> _Exercise directions_
Repeat the lines of the data exactly and exclude any picture among them.

*** Data section ***

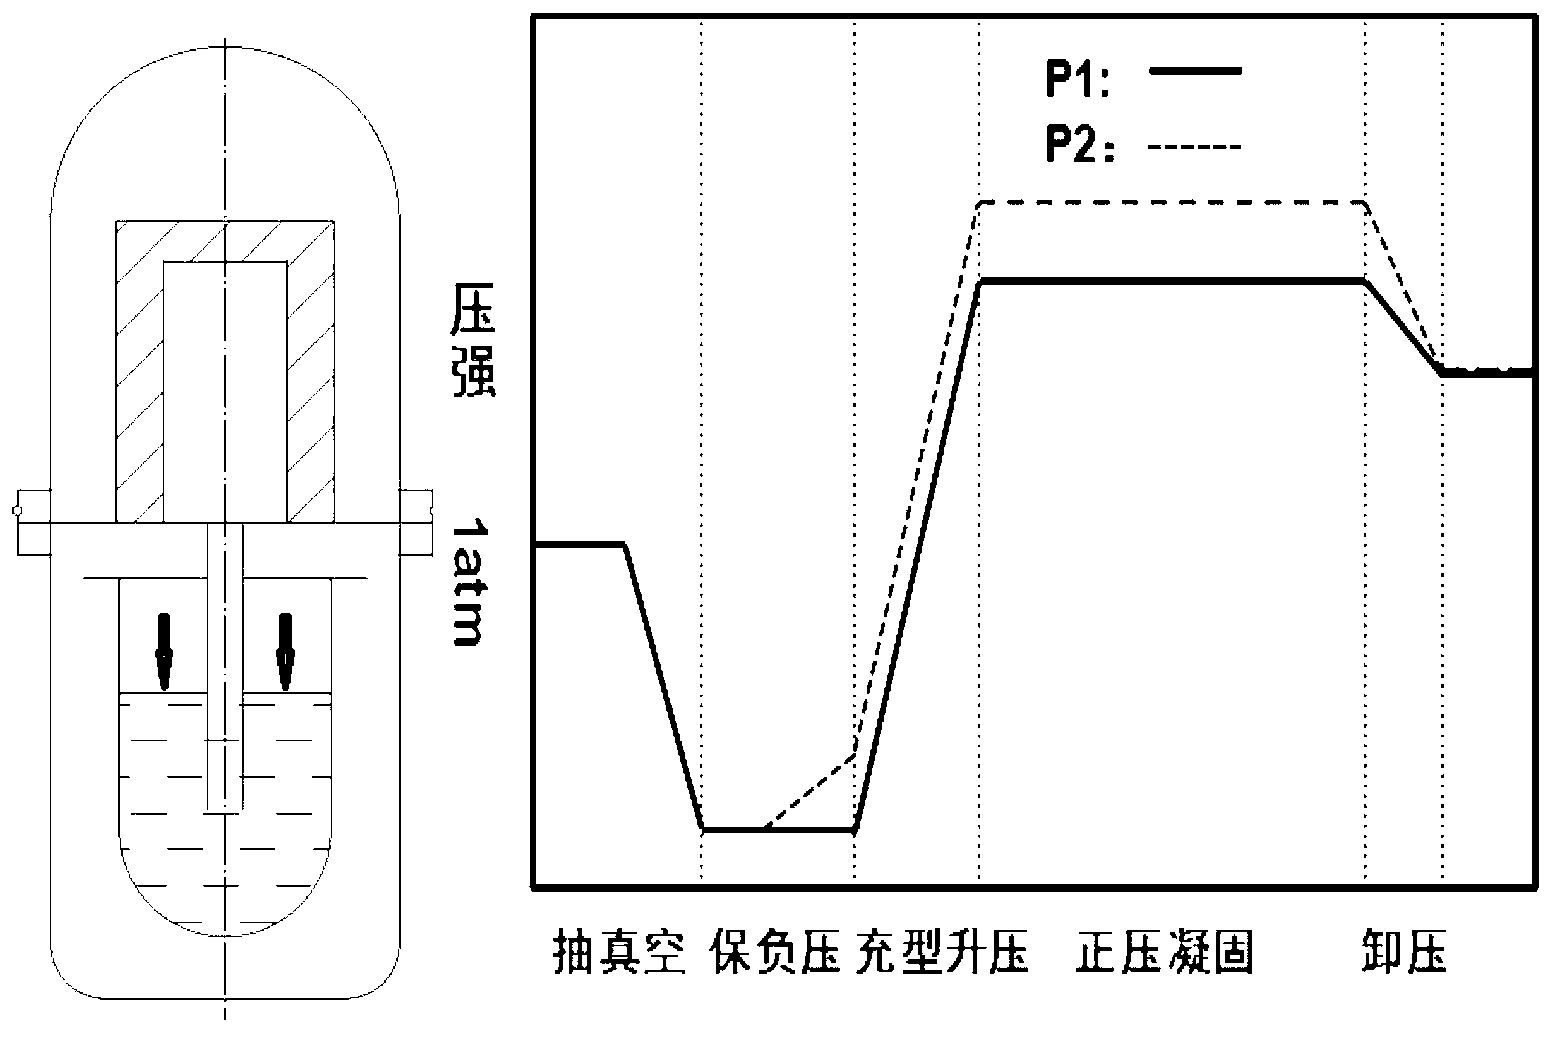 Precise casing method of tiles of floating wall of combustion chamber of aeroengine
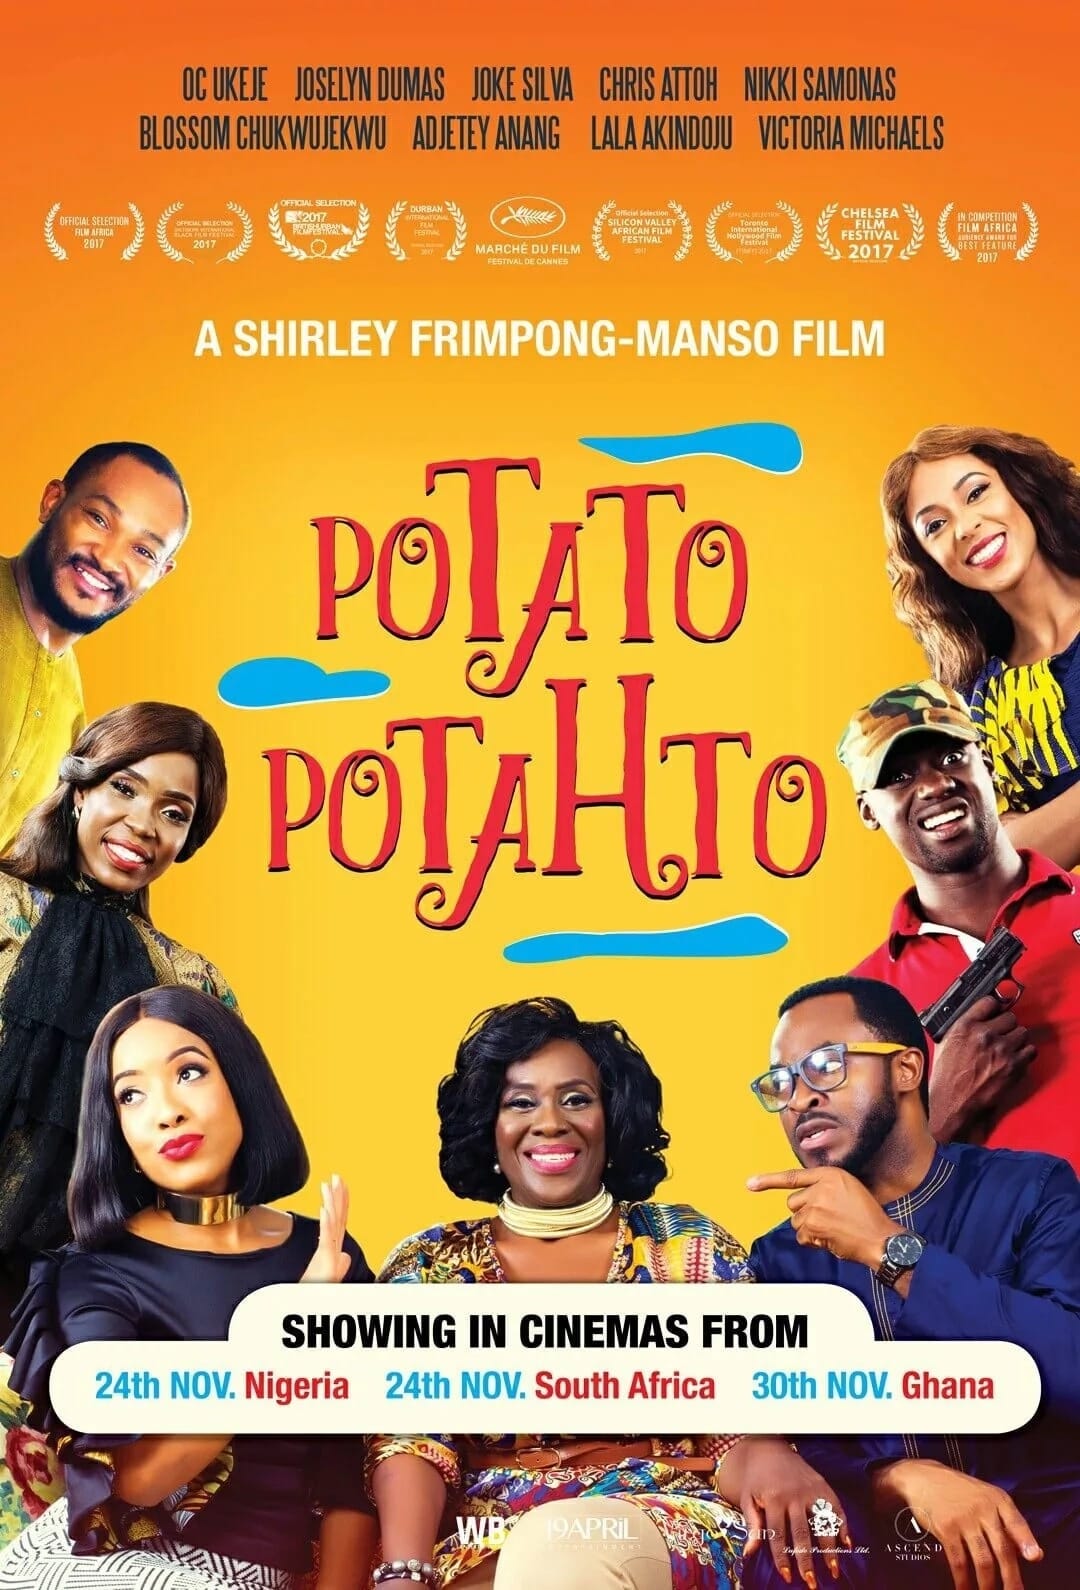 Potato Pohtato has been released in countries outside Ghana
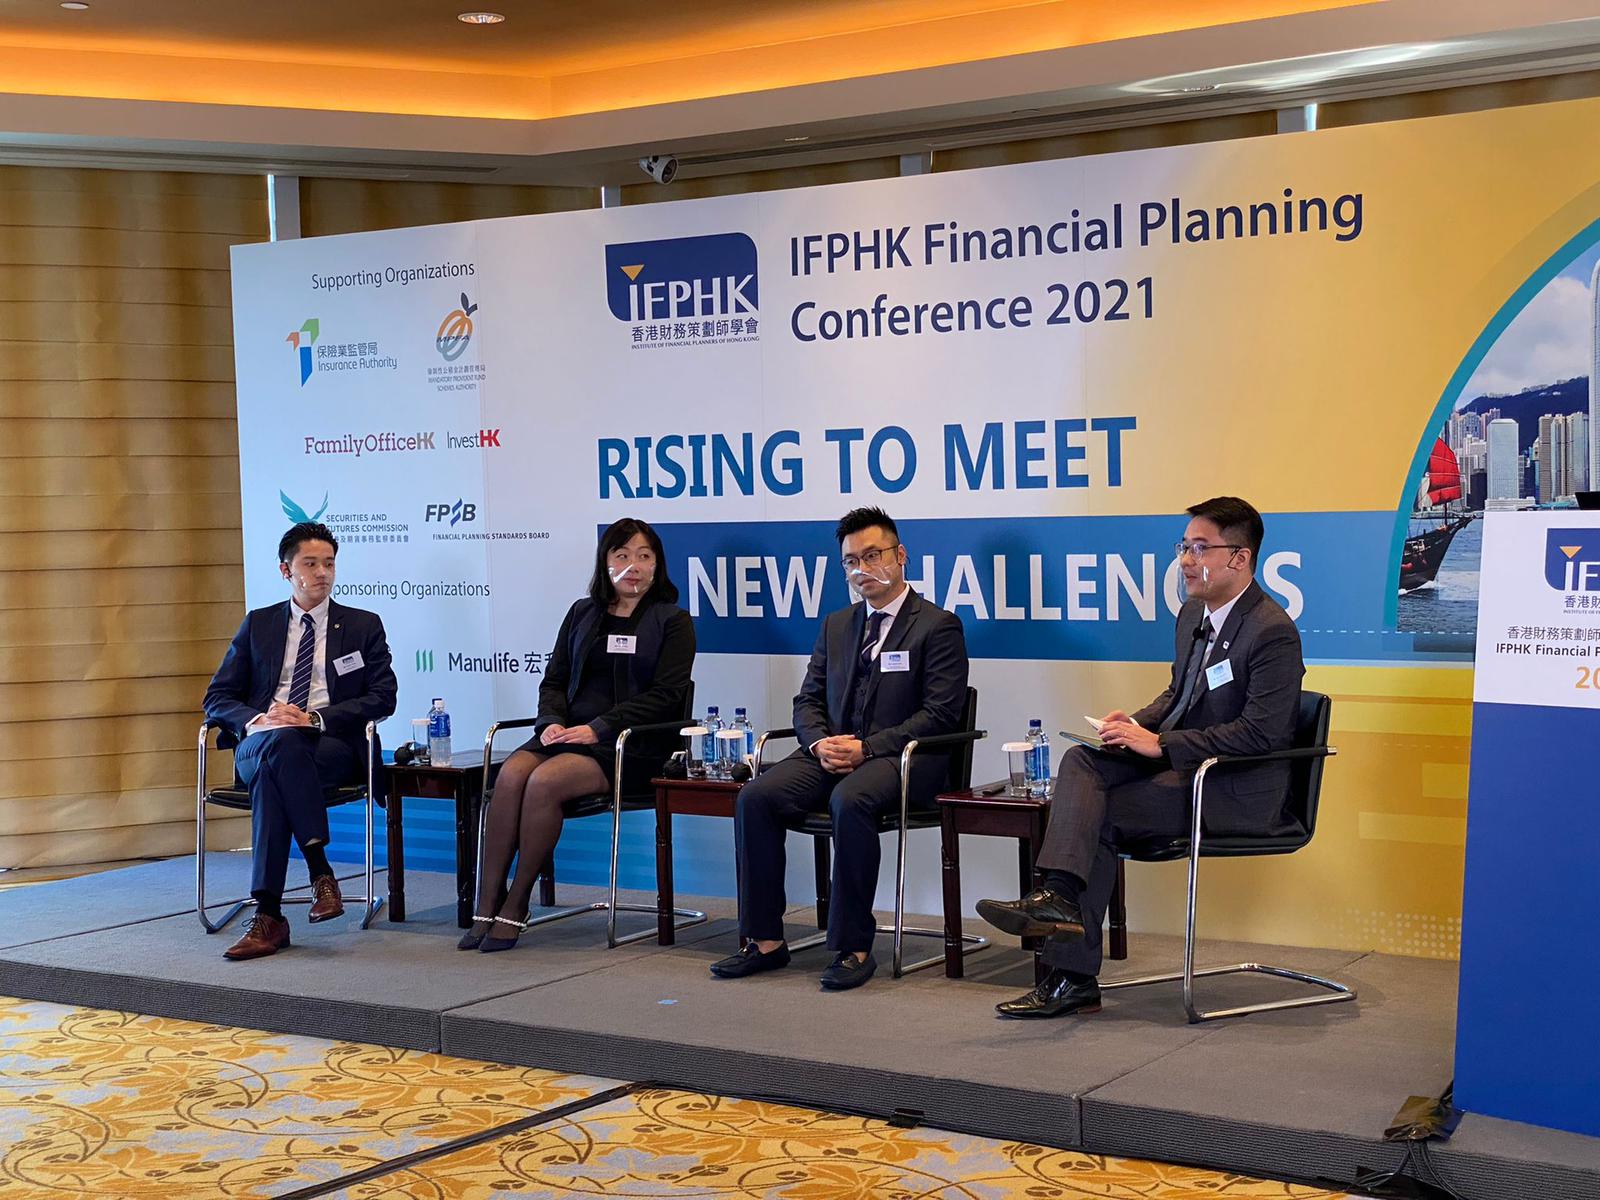 Mr. Xavier Chan, the Founder and Managing Partner of CWK Global was invited to IFPHK Financial Planning Conference
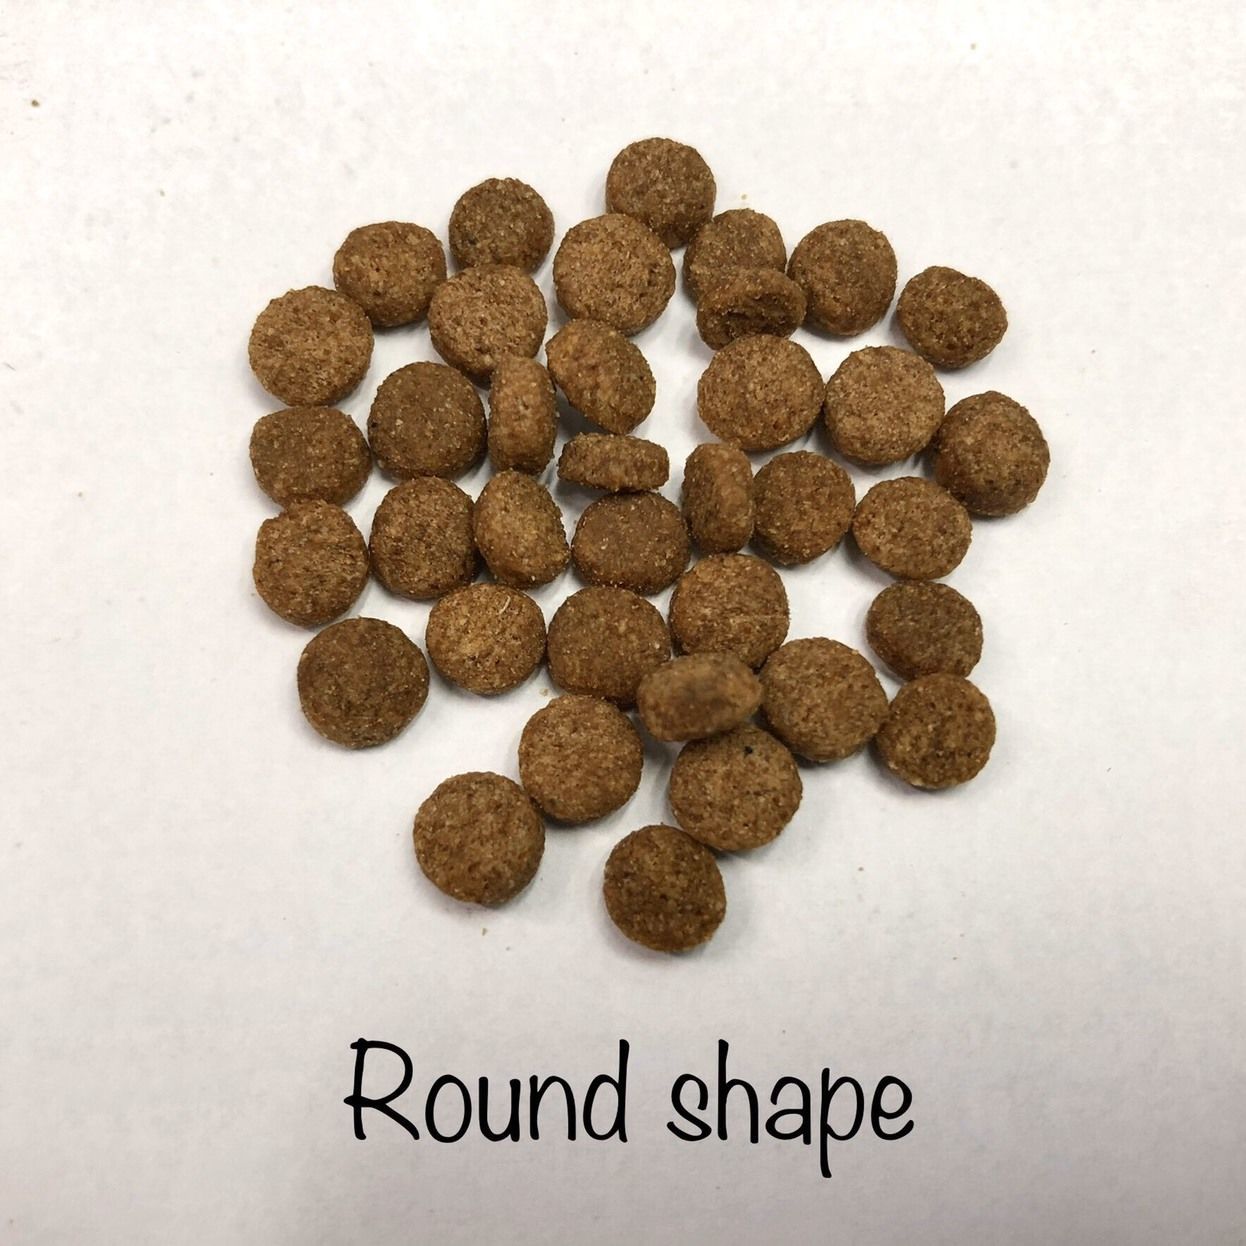 Thailand factory dog food dog food Puppy and small dog breeds Weight : 500 g , 1 kg , 3.5 kg , 20 kg Guaranteed analysis ; Protein 26% Fat 7% Fiber 5% Moisture 10% All our product is made with high qu

*** End of Data section ***

> _Response area_
 Precise casing method of tiles of floating wall of combustion chamber of aeroengine
 Potato Pohtato has been released in countries outside Ghana
 Mr. Xavier Chan, the Founder and Managing Partner of CWK Global was invited to IFPHK Financial Planning Conference
 Thailand factory dog food dog food Puppy and small dog breeds Weight : 500 g , 1 kg , 3.5 kg , 20 kg Guaranteed analysis ; Protein 26% Fat 7% Fiber 5% Moisture 10% All our product is made with high qu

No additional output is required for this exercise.